Both exome sequencing and exome genotyping arrays are designed to investigate coding variation. The current approach for exome sequencing is based on a probe hybridization method to select the entire set of human exons as the sequencing target (Hodges et al., 2007; Gnirke et al., 2009). Although the exonic regions are the primary target, the efficiency of different capture technologies can affect the amount of information outside target regions. Currently, there is still a portion of captured DNA fragments falling into non-coding regions such as introns, intron-exon boundary regions, and intergenic regions – some of these regions often contain functional elements.

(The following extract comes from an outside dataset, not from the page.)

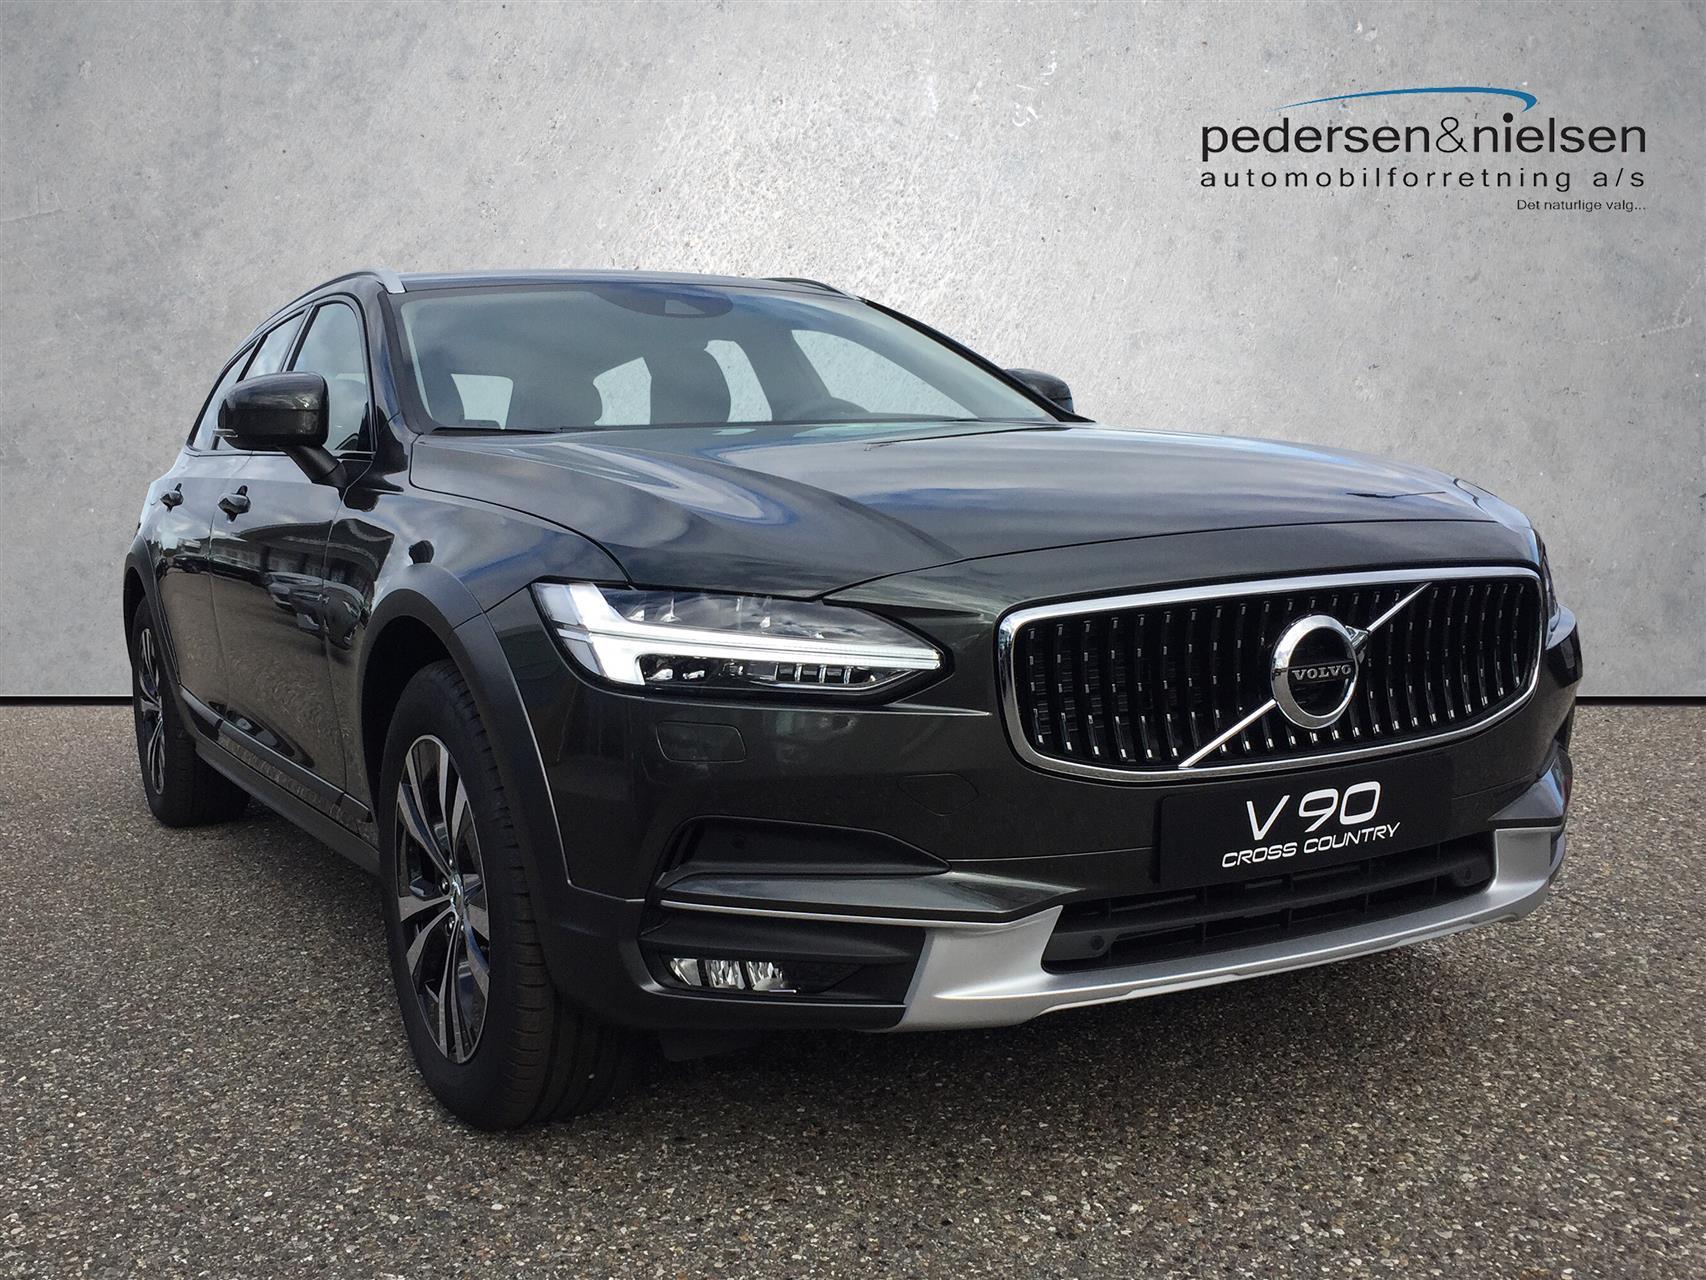 Billede af Volvo V90 Cross Country 2,0 D4 AWD 190HK Van 8g Aut.

A recent report (Guo et al., 2012) demonstrated that the small amount of sequencing data that lies outside the exonic target regions is of high quality and can be used in genetic studies. In contrast, exome arrays focus on a fixed set of variants by design. Therefore, exome sequencing, compared to the use of exome arrays, generates not only more genetic variations at base-pair resolution in the coding regions, but also additional, albeit limited, variant information outside the primary target regions. In this paper, we first provide an overview of the main application fields for exome sequencing relative to exome genotyping arrays in human diseases. Next, we describe the computational and statistical challenges for handling sequencing data. Then we evaluate the data quality and agreement between these two platforms using our exome sequencing and exome microarray data collected on the same set of subjects. Finally, we discuss some limitations of exome sequencing.
Applications of Exome Sequencing
Next-generation sequencing (NGS) technologies have been applied to several important areas including genomes, transcriptomes, epigenomes, and metagenomes (Zhou et al., 2010). Here, we mainly consider applications of sequencing to the identification of genes and mutations that influence risk for human diseases.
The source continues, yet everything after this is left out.